Comment by Jan Waehrens — January 22, 2013 @ 4:45 am
My first though was that the testing protocol is inadequate. Do they do scenario simulations after upgrades are installed? Answering the question around quality control may get closer to the rot cause.
Comment by Graham Dobson — January 22, 2013 @ 3:23 pm
It appears from the minimal amount of information in the article that the hospital is not conducting any investigation into the incident therefore missing the opportunity to find root causes and apply corrective actions. An investigation into the incident would need to be concerned with, among other issues, the machine itself, the maintenance procedure (if any) and personnel executing the upgrade, requirements for testing the unit (if any), the machine operator and interface, operating procedures, software design, and other instances of similar failures.
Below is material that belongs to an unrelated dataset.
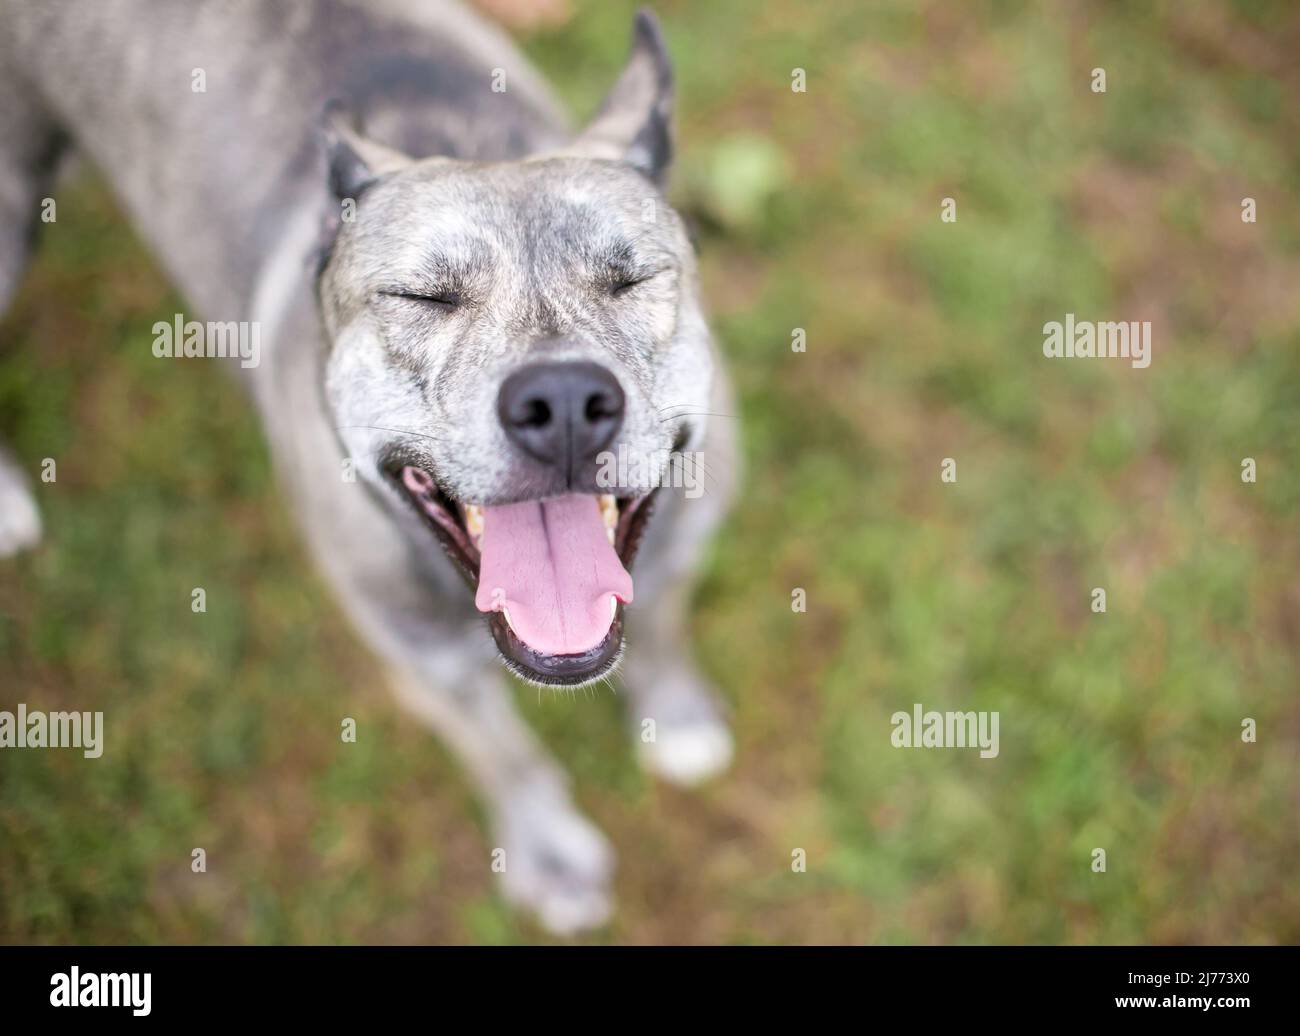 A mixed breed dog with its eyes closed and a happy smiling expression Stock Photo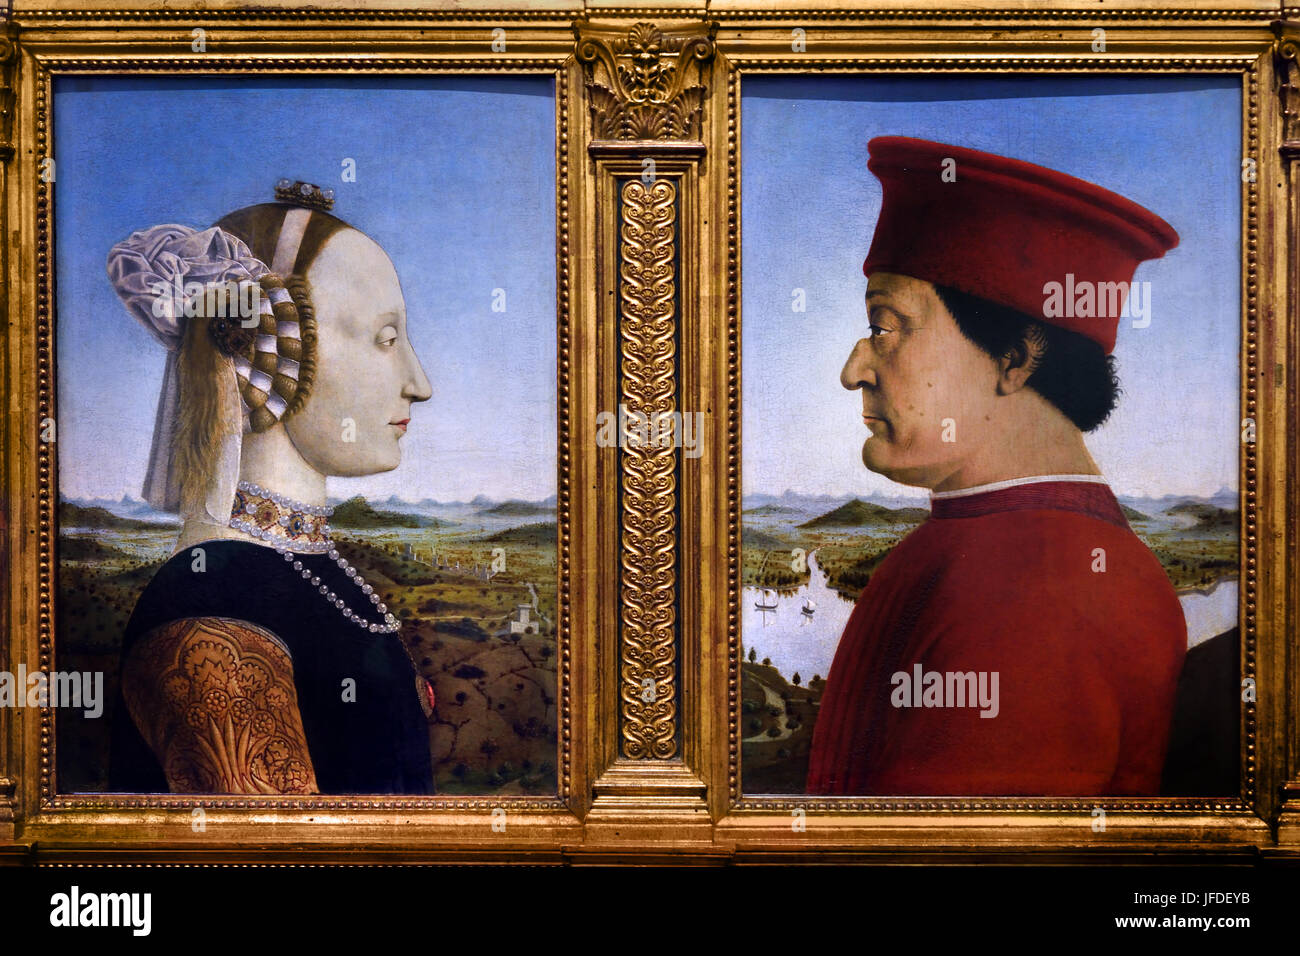 børste Abe Hængsel The Duke and Duchess of Urbino 1465-1472 Piero della Francesca 1415 - 1492)  was an Italian painter of the Early Renaissance. Italy Stock Photo - Alamy

If software design is determined to be a cause, running a root cause analysis on the software design process itself might yield significant improvements.
I would also recommend that the hospital lock the machine out of service if possible to prevent any chance of inadvertent use; signs can be accidentally removed. They should also utilize a return-to-service procedure to ensure that the problem is really fixed.
Food for thought… Since Software is essentially a procedure that a machine follows, might there not be some application of the Procedures Basic Cause category to software failures?
Comment by Christopher W — January 23, 2013 @ 1:24 pm
Software can be thought of as an automated process. Therefore, RCFA for software failures should be performed as it would for any other process. However, software rarely functions alone. It usually relies upon data, hardware, operating systems (which is more software), human interaction, sensors (providing data), consistent voltage and amperage of electricity, etc. So, if a proper RCFA was performed on the original problem, and if that RCFA can legitimately point to the software failure alone as a “cause,” then I would say they have so far only identified a symptom (bad software) needing further RCFA, and have not yet discovered the actionable root cause(s) of the software failing.